MiFID II changes several aspects of the MiFID I regime. While MiFID II plans to retain a competitive trading landscape (similar to MiFID I), MiFID II has the ambition to shift trading towards regulated venues that, among other things, are characterised by a high degree of equity pre-trade transparency. Although MiFID I was generally considered a success in terms of competition, perceived shortcomings of MiFID I included the lack of equity pre-trade transparency. Under MiFID I the amount of dark trading (trading without pre-trade transparency) grew. MiFID II intends to remedy the MiFID I-situation by providing an even more top-down equity pre-trade transparency regime. The result is an increase in EU equity pre-trade transparency regulation under MiFID II. The intention here is to support the level playing field, price formation, and reduced search costs for investors. In order to so, MiFID II expands the scope of the equity pre-trade transparency regime, clarifies definitions, provides rule-based and operational provisions, and a share trading obligation has been introduced. MiFID II tightens several of the MiFID I equity pre-trade transparency rules. Similar to the MiFID I, MiFID II intends to find a balance between the merits of equity pre-trade transparency versus benefits of dark trading (i.e. preserve liquidity). However, MiFID II does so in a more top-down and equity pre-trade transparent way.
The current MiFID II Review, in particular of ESMA, shows that MiFID II has only been partially successful.
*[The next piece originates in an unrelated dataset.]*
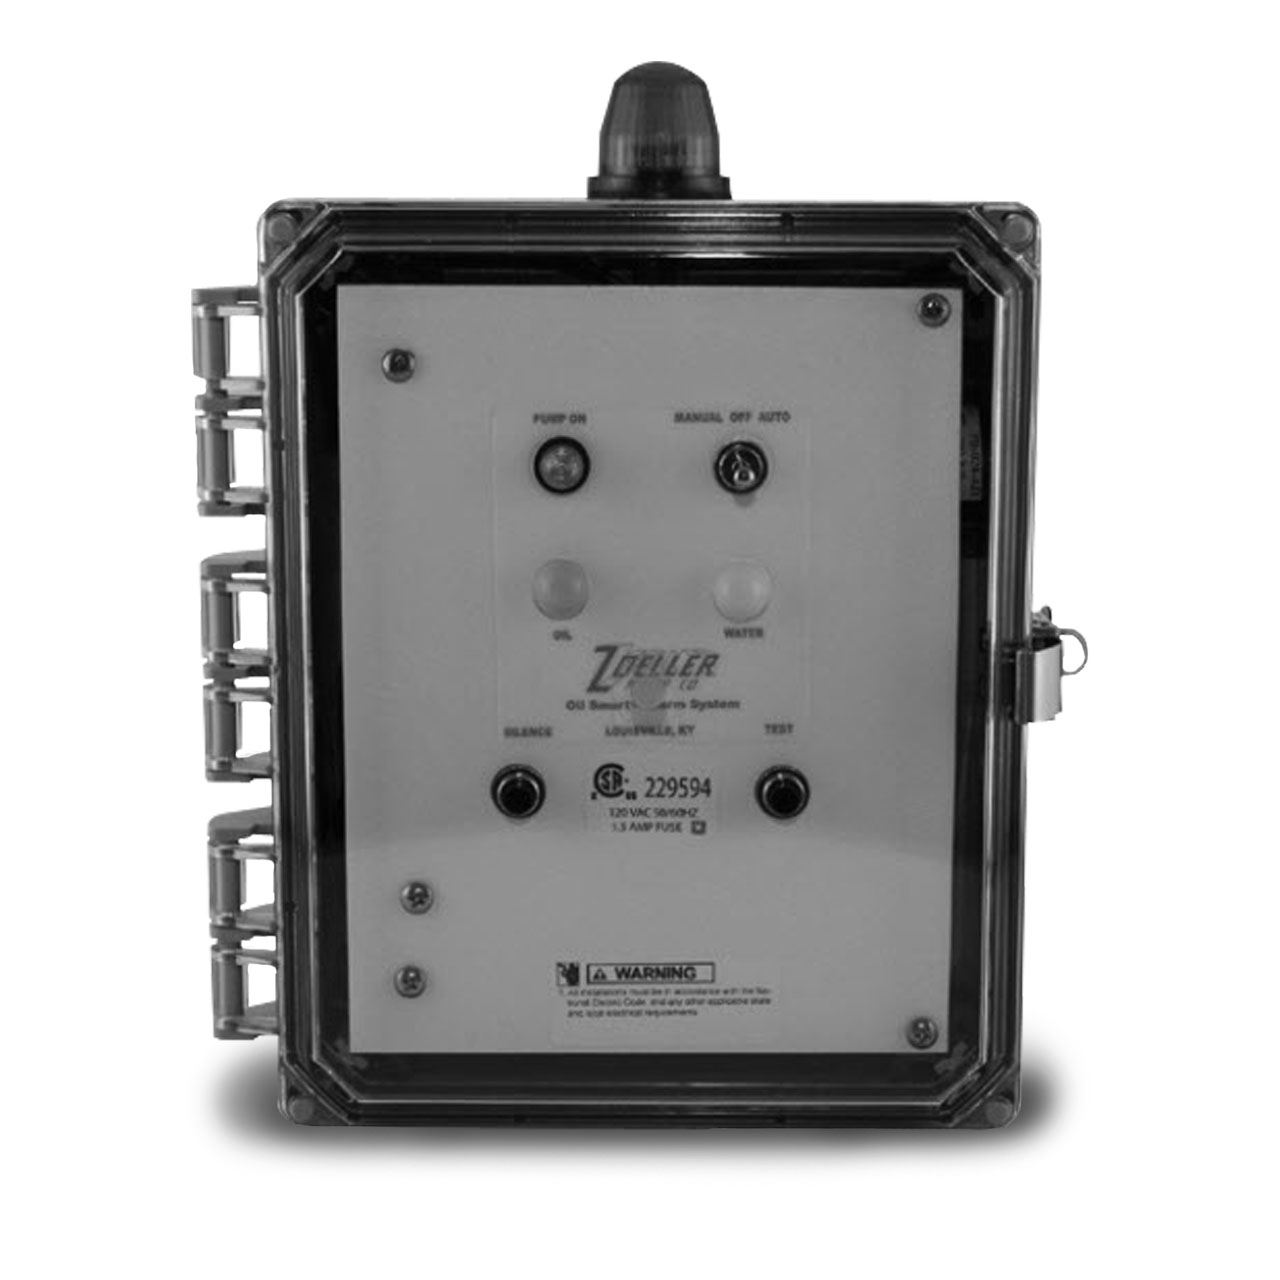 small resolution of zoeller duplex pump control panel wiring diagram zoeller zoeller 10 2149 oil smart

ESMA seems willing to tighten the MiFID II equity pre-trade transparency regime even further. ESMA proposes more share trading to be concentrated on RMs, MTFs, and SIs, all being subject to MiFID II equity pre-trade transparency rules. Stricter equity pre-trade transparency rules are proposed for SIs in order to enhance transparency and improve the level playing field with RMs and MTFs. While ESMA proposes to clarify the MiFID II share trading-obligation even further, in particular in relation to third-country shares and exemptions, (i.e. increase in EU regulation), ESMA also supports a simpler operational framework for the double volume cap (including in terms of data collection, calculations, and publication), if the volume cap is maintained (i.e. less EU regulation). In sum, the consequence of the increase in EU equity pre-trade transparency regulation under MiFID II is improved equity pre-trade transparency, but in view of ESMA not enough. The ESMA MiFID II Review reveals market-shaping elements, as reflected in ESMA proposals to ensure more trading takes place on equity pre-trade transparent venues.